Discovery explains why people with IBD have higher risk of colorectal cancer

A chain of immune reactions in the gut—driven by a key signaling protein and a surge of white blood cells from the bone marrow—may help explain why people with inflammatory bowel disease (IBD) have a higher risk of colorectal cancer, according to a preclinical study by Weill Cornell Medicine investigators. The findings point to new possibilities for diagnosis, monitoring and treatment of IBD.

The study began with a focus on TL1A, an inflammatory immune signaling protein known to be associated with IBD and colorectal cancer. Experimental drugs that block TL1A activity have shown great promise against IBD in clinical trials, but how the signaling protein promotes the disease and associated tumors has been unclear.
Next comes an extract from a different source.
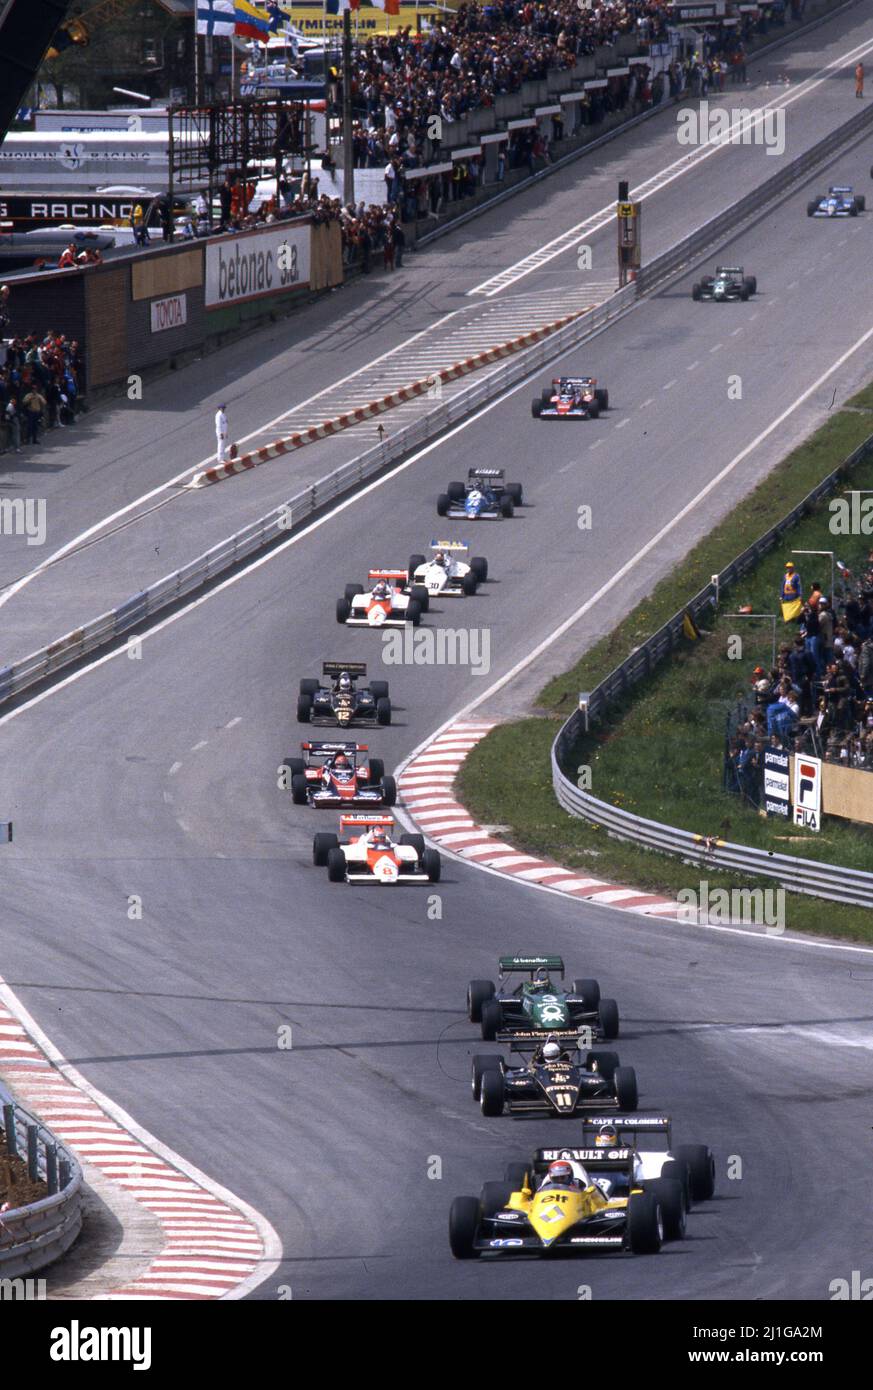 Eddie Cheever (USA) Renault RE 40 3rd position leads a group at Eau Rouge Radillon corner Stock Photo

The study, published Jan. 22 in Immunity, demonstrates that in an animal model TL1A has much of its impact through immune cells in the gut called ILC3s. When these cells are activated by TL1A, they summon a surge of white blood cells called neutrophils from the bone marrow and reprogram them in ways that effectively promote tumor formation.

These findings are important given the intense interest in the medical community to understand TL1A's role in IBD and its potential role in associated colorectal cancers—for which we have had few strategies to mitigate the cancer risk."

Dr. Randy Longman, study senior author, director of the Jill Roberts Center for Inflammatory Bowel Disease at Weill Cornell Medicine and NewYork-Presbyterian/Weill Cornell Medical Center and associate professor of medicine, Weill Cornell Medicine

IBD, which includes Crohn's disease and ulcerative colitis, is characterized by chronic gut inflammation. Between 2.4 and 3.1 million Americans have the condition, according to the U.S. Centers for Disease Control and Prevention. IBD raises the risk of other autoimmune and inflammatory conditions and greatly increases the risk of colorectal cancer, which tends to occur at younger ages and with worse outcomes in patients with the condition.

In the study, Dr. Longman's team discovered that TL1A, which is produced mostly by other immune cells in the IBD gut, works to stoke tumor growth principally through gut-resident ILC3 cells. When activated by TL1A, these cells secrete a blood cell growth factor called granulocyte-macrophage colony-stimulating factor (GM-CSF). This in turn triggers a process called "emergency granulopoiesis"—a burst of new neutrophil production in bone marrow—followed by the influx of the neutrophils to the gut. In mouse models of gut cancer, adding such neutrophils was enough to promote tumor development.

Neutrophils can promote colorectal tumors by secreting highly reactive molecules that can damage DNA in gut-lining cells. However, the team found that the gut ILC3s also induce a distinctive pattern of gene activity in the neutrophils including increased expressions of genes known to promote tumor initiation and growth. The researchers observed a similar gene activity pattern in samples of colitis-affected gut tissue from patients with IBD, and this tumor-promoting signature was less evident in patients who took an experimental TL1A-blocking treatment.

The results suggest that not only TL1A but also ILC3s, GM-CSF, and ILC3-summoned neutrophils could be targets in future strategies to treat IBD and prevent associated colorectal tumors.

"I think it will be exciting for clinicians in the IBD field to know that there is a systemic process at work here, involving both the gut and the bone marrow, with the potential to drive precision medicine in IBD," said study first author Dr. Sílvia Pires, an instructor of biomedical sciences in medicine and a member of the Longman Laboratory.

The team now is following up with further studies of this cell communication pathway in the context of gut inflammation, including the potential early role of occasional GM-CSF exposure in sensitizing marrow cells so that IBD becomes increasingly likely.